(Material for this task begins)

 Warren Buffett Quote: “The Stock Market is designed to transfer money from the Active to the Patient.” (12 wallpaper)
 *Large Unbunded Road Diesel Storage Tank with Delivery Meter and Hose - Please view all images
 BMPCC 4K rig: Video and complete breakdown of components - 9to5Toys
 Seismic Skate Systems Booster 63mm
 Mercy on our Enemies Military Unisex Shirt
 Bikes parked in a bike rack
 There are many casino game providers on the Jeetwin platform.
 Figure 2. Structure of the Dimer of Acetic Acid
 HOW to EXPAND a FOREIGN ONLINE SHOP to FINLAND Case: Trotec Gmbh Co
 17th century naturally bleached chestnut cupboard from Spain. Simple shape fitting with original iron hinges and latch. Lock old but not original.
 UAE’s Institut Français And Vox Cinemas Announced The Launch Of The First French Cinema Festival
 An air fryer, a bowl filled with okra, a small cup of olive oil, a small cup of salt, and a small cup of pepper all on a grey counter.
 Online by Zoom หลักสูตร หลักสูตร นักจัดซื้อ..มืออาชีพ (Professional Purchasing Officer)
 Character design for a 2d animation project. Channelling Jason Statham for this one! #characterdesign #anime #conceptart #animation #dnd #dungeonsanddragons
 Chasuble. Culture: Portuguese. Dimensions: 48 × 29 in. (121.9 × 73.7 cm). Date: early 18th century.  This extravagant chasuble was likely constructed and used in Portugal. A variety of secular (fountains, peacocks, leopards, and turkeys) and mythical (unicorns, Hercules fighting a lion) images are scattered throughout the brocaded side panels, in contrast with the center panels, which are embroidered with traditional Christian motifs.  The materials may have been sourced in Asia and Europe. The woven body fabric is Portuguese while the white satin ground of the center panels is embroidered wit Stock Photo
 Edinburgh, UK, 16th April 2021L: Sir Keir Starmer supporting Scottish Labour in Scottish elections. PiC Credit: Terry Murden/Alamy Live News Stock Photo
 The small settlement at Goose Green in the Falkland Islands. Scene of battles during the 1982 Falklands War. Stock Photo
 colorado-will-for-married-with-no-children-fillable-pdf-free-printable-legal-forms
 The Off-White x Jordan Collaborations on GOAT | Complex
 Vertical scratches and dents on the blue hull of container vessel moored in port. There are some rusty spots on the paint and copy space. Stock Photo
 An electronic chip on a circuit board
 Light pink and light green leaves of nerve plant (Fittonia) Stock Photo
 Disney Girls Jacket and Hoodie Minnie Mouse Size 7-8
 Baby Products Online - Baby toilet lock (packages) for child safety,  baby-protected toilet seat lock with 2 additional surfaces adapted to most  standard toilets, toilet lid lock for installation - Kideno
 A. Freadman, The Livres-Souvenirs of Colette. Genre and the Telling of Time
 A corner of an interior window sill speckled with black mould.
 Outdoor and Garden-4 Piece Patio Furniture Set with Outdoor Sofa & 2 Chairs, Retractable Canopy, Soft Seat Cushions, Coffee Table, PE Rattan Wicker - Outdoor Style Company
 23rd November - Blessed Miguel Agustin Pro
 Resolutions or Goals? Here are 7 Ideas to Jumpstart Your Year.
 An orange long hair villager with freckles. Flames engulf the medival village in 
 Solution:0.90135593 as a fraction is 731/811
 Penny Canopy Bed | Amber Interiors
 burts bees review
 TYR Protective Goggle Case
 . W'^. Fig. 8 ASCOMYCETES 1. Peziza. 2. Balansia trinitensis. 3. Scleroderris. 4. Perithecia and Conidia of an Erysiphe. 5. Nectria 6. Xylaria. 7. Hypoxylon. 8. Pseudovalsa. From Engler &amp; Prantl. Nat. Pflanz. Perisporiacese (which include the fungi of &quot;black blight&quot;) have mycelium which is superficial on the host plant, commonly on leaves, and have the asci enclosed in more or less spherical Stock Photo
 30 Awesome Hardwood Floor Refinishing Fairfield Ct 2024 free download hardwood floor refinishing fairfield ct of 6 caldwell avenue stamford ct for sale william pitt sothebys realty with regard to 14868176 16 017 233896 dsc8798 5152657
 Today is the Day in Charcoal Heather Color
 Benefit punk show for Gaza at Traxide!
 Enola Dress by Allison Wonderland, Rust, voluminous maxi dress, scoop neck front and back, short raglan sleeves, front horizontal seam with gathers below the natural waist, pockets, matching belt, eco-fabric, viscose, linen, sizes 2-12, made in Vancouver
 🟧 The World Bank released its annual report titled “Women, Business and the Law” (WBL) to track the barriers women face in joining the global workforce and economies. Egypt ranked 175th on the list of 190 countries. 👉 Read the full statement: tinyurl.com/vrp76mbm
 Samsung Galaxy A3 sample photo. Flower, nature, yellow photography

(Material for this task ends)

▸ What the task asks: Each line from the one containing "30 Awesome Hardwood" through the end of the material must be output exactly, and no other line.

▸ Response below:
 30 Awesome Hardwood Floor Refinishing Fairfield Ct 2024 free download hardwood floor refinishing fairfield ct of 6 caldwell avenue stamford ct for sale william pitt sothebys realty with regard to 14868176 16 017 233896 dsc8798 5152657
 Today is the Day in Charcoal Heather Color
 Benefit punk show for Gaza at Traxide!
 Enola Dress by Allison Wonderland, Rust, voluminous maxi dress, scoop neck front and back, short raglan sleeves, front horizontal seam with gathers below the natural waist, pockets, matching belt, eco-fabric, viscose, linen, sizes 2-12, made in Vancouver
 🟧 The World Bank released its annual report titled “Women, Business and the Law” (WBL) to track the barriers women face in joining the global workforce and economies. Egypt ranked 175th on the list of 190 countries. 👉 Read the full statement: tinyurl.com/vrp76mbm
 Samsung Galaxy A3 sample photo. Flower, nature, yellow photography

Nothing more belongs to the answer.